Это сейчас я снова и снова вспоминаю все ее грустные взгляды, все причудливые черты, все так скоро меняющиеся настроения, и понимаю с ужасом, что я просто не смог понять, увидеть элементарных вещей, заметить, что самый близкий мне человек болен. Это было так просто - заметить и понять, что Наташенька страдает, что ей плохо, что она нуждается в помощи и постоянном внимании и заботе - но я не смог разглядеть этого. Стоит ли тогда думать, что я был достоин нашей любви, что я был достоин Наташи, что это несправедливо, что она ушла из жизни, лишив себя этих бесконечных и тяжких страданий, а меня - этой жизни, которой я не заслужил?

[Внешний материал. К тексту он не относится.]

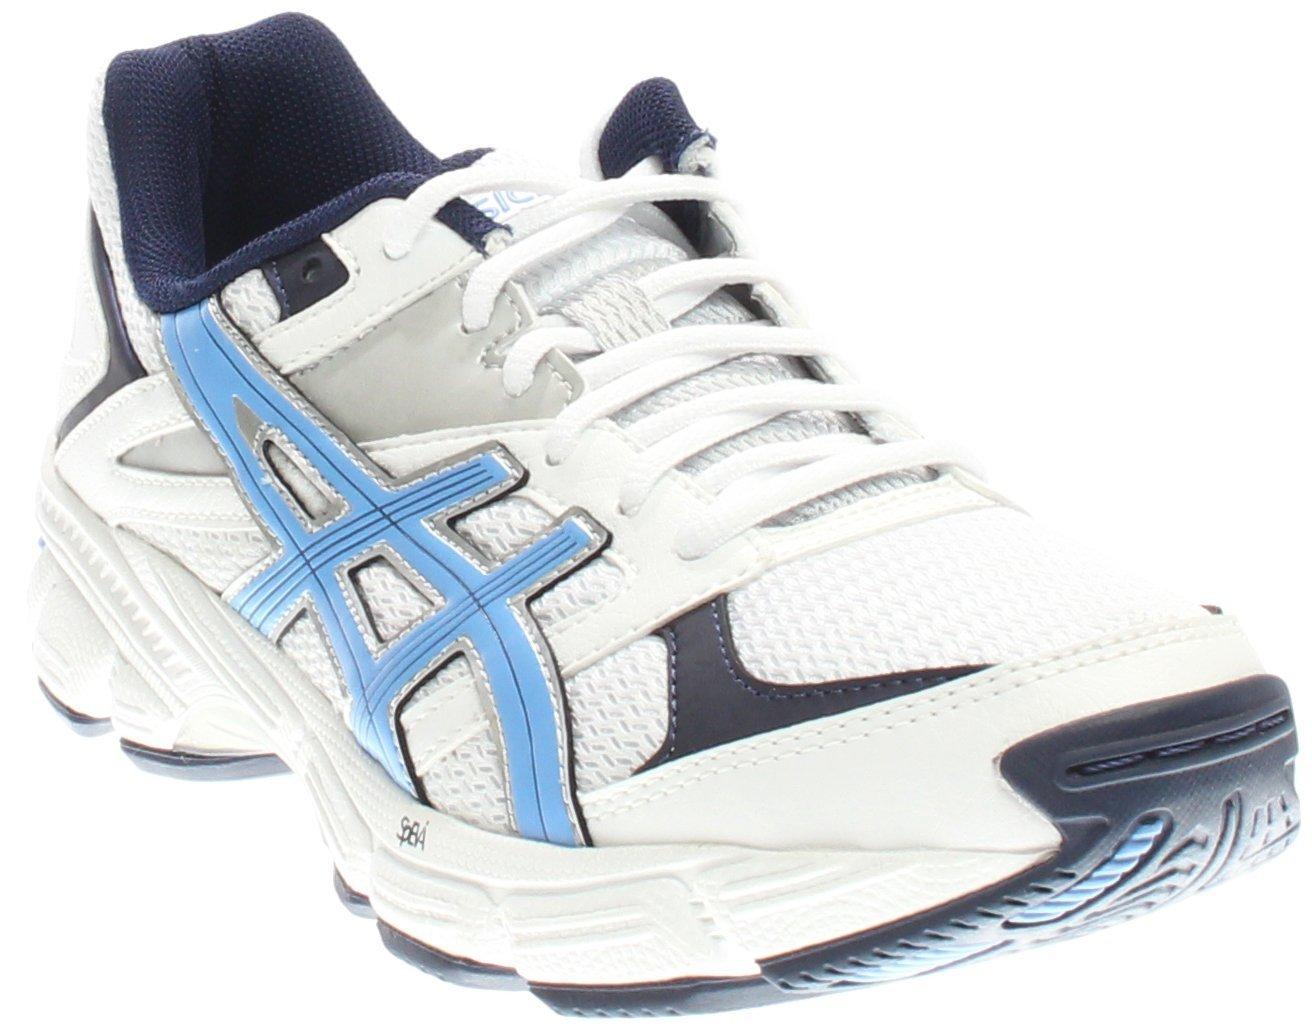 ASICS Women's Gel 190 TR Training Shoe, White/Periwinkle/Midnight Navy, 6.5 M US

Особенно тяжким стал для нее второй наш год. Вот только я не видел этого, поскольку совершенно не мог осознать никаких причин для тоски.
Но Наташа тосковала.
К тому времени я уже закончил институт и наконец смог нормально работать. Жить стало легче. Но вот Наташку я стал понимать заметно меньше. Все чаще она выкидывала некоторые странности, но я не понимал их природы, и, признаться, часто даже сердился на ее выходки.
Наташа училась. Вот только получаться у нее это стало заметно хуже, что вызывало у меня некоторое недоумение.
- В чем дело? - спрашивал я ее, - Что для тебя кажется таким сложным? Ты не расстраивайся, лучше расскажи мне, и я тебе помогу.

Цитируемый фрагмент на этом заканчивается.